Introduction: Say Goodbye to That Formica CounterTop!
Ok, I've been gone for a while. I'm glad to be back with this. I was tasked with upgrading this counter top to look as good as possible for the least amount possible, all said and done it came to maybe $150 but I think it was less. I think I have done a wonderful job and I think any of you can do it as good or better than I have. It's really a very simple process that can be used for any surface really. It takes a few tools, a little wood, and your creativity. I really hope you enjoy this Instructable as much as I enjoyed building this counter top. I will say, as easy as this is to do, I want to make it as easy as possible for you to read the instructable so, while there are many steps, each step is very simple and not a long read. Enjoy.
I do have to apologize for a lack of progress pictures. Normally I take as many as possible, but I was on a deadline, and really needed to get it done. I think, though, that the ones I have will illustrate my intentions.
Step 1: What You'll Need.
OK. you will need materials and tools. I'll start with the materials first, and then tell you what you will need to work them.
This process uses nothing more than High Grade 2x4's. Really! I know.... How can that be possible? We'll get to that.

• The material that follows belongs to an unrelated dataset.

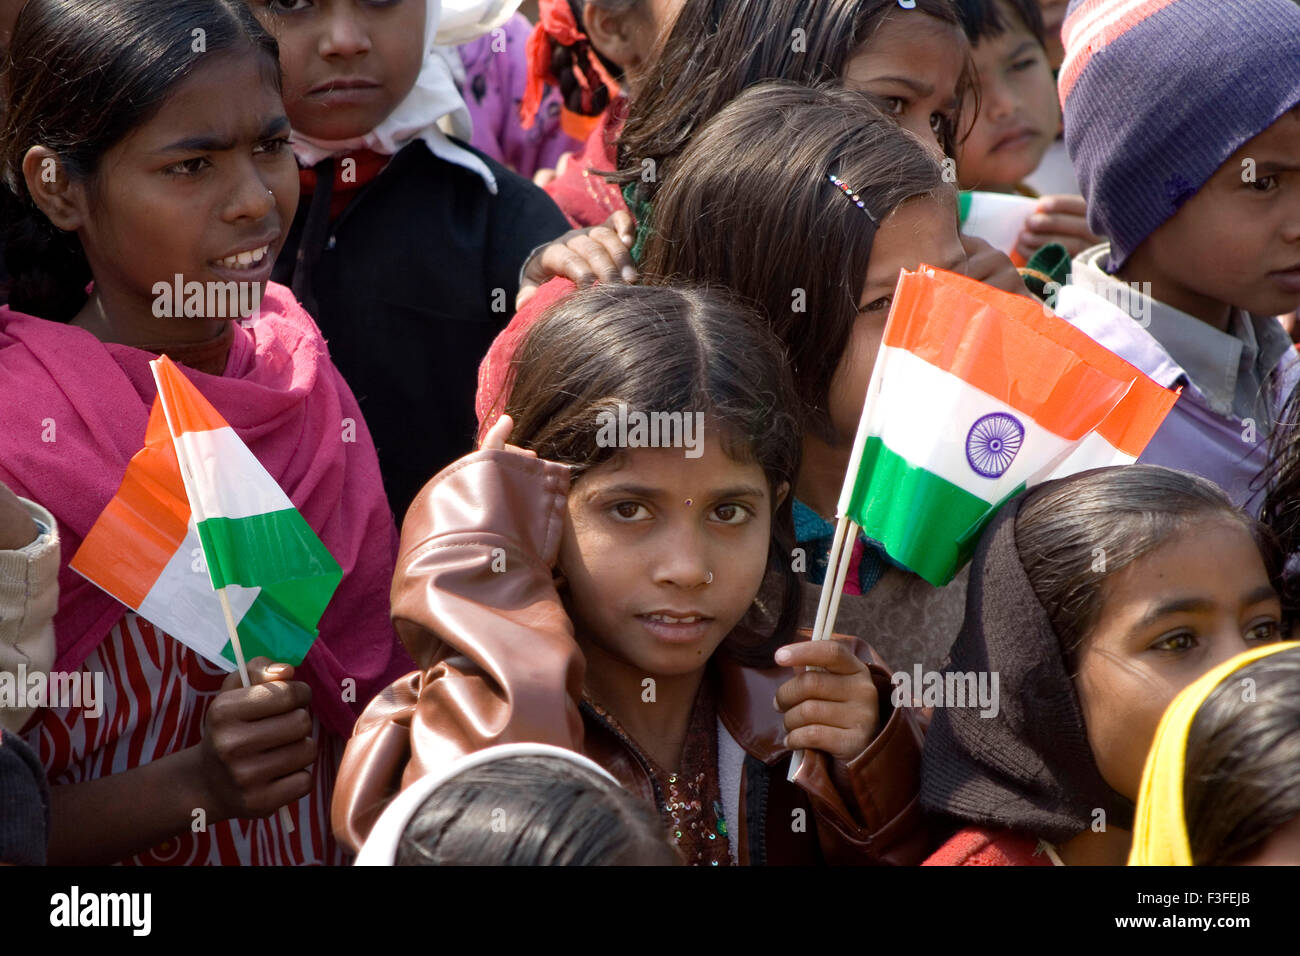 Muslim children's procession against child labour with Indian flag on ...

You will also need wood glue, a couple spray cans of clear lacquer, stain if you want it, and maybe a few finish nails depending on what you do with this. The most Important material, the one that makes this a usable counter top is a product you can find at any big box home improvement store. It's an epoxy used for bar tops. Have you ever been to a bar, don't deny it, lol, with a super thick clear bar top that maybe has objects in it? Pennies, coasters? Whatever that bar put in there. This is the same material, Glaze Coat. Well, it's the version that is readily available to us.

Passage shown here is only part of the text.